Engineers must make sure no problems exist with the vehicle being used to launch the spacecraft. Images: Orbiter set to spy on Mars

NASA has delayed Wednesday's departure of an unmanned spacecraft to Mars because of a technical problem that might affect its launch vehicle, the agency said on Tuesday.

The launch of the two-ton Mars Reconnaissance Orbiter on top of a Lockheed Martin Atlas V rocket from Cape Canaveral Air Force Station in Florida will be postponed for at least 24 hours, said spokesman George Diller.

Engineers found a failure in the navigational controls of a similar Atlas V launch vehicle and need to make sure the problem does not affect the one being used for the Mars spacecraft, NASA said.

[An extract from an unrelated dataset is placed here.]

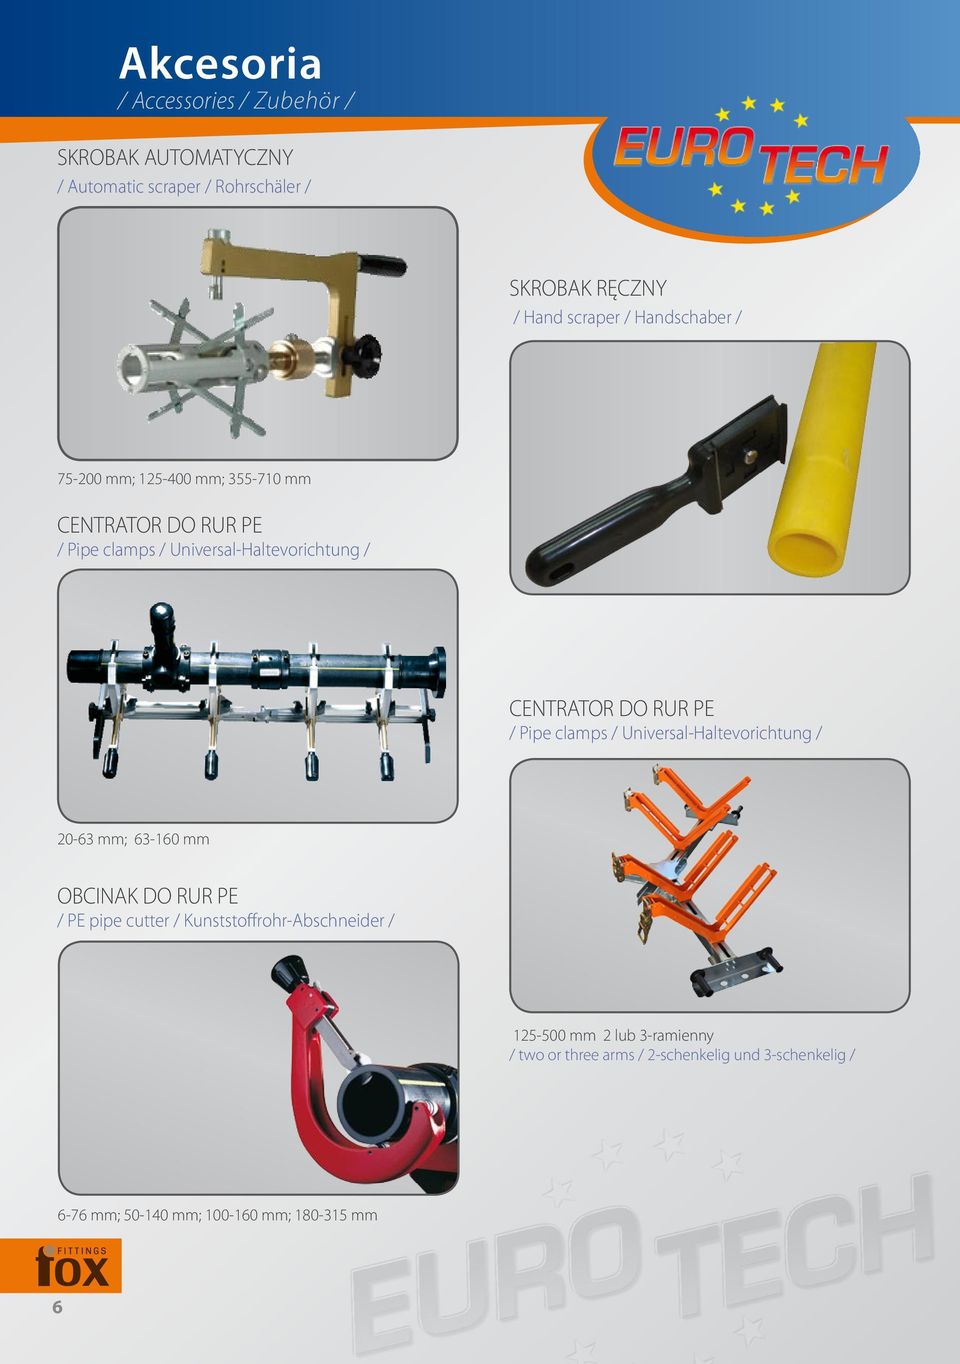 PE / Pipe clamps / Universal-Haltevorichtung / 20-63 mm; 63-160 mm OBCINAK DO RUR PE / PE pipe cutter /

The orbiter's mission, now due to launch at the earliest between 7:50 a.m. and 9:35 a.m. EDT Thursday, will be to learn whether Mars had water long enough to nurture life. Previous Mars missions have shown that water once flowed across the planet's surface.

The 21-foot Mars Reconnaissance Orbiter is scheduled to reach the planet in March 2006.

It will use an array of scientific instruments to zoom in for close-up photos of the Martian surface, analyze mineral deposits, search for subsurface water and shorelines of ancient seas, trace dust and water distribution in the atmosphere, and monitor the weather through a full cycle of Martian seasons.